Look for the line that has "ZUBR Аккумуляторная батарея" in the material below; please repeat it and every line after it, exactly, up to and including the line that has "av8 mro services 90 Logo", and nothing else.

= Beginning of Section =

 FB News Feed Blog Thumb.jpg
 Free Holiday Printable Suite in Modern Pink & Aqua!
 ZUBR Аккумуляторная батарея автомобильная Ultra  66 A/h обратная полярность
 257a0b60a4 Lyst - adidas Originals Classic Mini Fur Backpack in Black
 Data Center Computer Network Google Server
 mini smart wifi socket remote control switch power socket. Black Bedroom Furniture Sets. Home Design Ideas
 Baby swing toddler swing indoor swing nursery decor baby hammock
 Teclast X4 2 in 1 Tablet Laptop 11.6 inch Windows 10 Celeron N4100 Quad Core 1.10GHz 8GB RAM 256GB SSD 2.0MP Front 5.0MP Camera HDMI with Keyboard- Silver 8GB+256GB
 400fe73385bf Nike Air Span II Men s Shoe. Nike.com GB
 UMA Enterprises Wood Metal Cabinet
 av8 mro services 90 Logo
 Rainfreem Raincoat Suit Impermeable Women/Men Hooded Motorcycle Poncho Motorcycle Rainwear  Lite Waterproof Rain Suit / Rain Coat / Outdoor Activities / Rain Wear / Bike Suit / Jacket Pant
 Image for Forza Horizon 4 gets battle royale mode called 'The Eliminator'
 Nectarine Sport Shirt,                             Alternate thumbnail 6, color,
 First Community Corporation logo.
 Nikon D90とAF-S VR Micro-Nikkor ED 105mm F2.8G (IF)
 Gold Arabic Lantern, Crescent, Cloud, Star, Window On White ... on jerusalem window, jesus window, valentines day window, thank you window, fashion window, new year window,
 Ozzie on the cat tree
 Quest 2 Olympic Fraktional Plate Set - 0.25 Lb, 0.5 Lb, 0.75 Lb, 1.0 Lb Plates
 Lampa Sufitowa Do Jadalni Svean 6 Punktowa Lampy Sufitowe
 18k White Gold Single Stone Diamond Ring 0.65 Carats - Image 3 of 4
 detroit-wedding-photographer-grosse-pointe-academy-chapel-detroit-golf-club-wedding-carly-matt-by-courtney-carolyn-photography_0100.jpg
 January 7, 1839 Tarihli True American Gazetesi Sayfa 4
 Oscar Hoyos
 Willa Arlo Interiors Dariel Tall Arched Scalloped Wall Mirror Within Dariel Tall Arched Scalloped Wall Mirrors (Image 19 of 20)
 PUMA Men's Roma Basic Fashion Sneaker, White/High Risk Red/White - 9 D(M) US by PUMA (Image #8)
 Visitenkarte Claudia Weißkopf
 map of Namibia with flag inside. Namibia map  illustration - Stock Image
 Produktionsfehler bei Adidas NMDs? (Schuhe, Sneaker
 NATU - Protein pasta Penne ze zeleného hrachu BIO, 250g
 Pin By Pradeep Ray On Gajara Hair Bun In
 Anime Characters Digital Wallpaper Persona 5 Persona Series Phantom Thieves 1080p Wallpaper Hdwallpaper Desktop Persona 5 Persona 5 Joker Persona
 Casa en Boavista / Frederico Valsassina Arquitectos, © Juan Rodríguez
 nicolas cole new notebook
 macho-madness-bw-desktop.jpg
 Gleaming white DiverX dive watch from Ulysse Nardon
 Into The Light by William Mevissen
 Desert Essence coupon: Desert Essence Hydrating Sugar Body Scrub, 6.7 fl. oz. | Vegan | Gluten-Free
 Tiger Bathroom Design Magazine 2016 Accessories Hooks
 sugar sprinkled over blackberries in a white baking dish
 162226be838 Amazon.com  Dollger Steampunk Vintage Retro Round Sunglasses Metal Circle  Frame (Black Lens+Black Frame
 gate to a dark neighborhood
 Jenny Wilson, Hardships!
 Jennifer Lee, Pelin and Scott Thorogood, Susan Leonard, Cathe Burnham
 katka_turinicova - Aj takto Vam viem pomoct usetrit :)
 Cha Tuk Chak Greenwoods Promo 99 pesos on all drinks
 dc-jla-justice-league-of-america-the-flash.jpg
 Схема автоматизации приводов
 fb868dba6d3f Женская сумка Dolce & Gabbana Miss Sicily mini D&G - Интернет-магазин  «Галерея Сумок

= End of Section =

- ANSWER SECTION:
 ZUBR Аккумуляторная батарея автомобильная Ultra  66 A/h обратная полярность
 257a0b60a4 Lyst - adidas Originals Classic Mini Fur Backpack in Black
 Data Center Computer Network Google Server
 mini smart wifi socket remote control switch power socket. Black Bedroom Furniture Sets. Home Design Ideas
 Baby swing toddler swing indoor swing nursery decor baby hammock
 Teclast X4 2 in 1 Tablet Laptop 11.6 inch Windows 10 Celeron N4100 Quad Core 1.10GHz 8GB RAM 256GB SSD 2.0MP Front 5.0MP Camera HDMI with Keyboard- Silver 8GB+256GB
 400fe73385bf Nike Air Span II Men s Shoe. Nike.com GB
 UMA Enterprises Wood Metal Cabinet
 av8 mro services 90 Logo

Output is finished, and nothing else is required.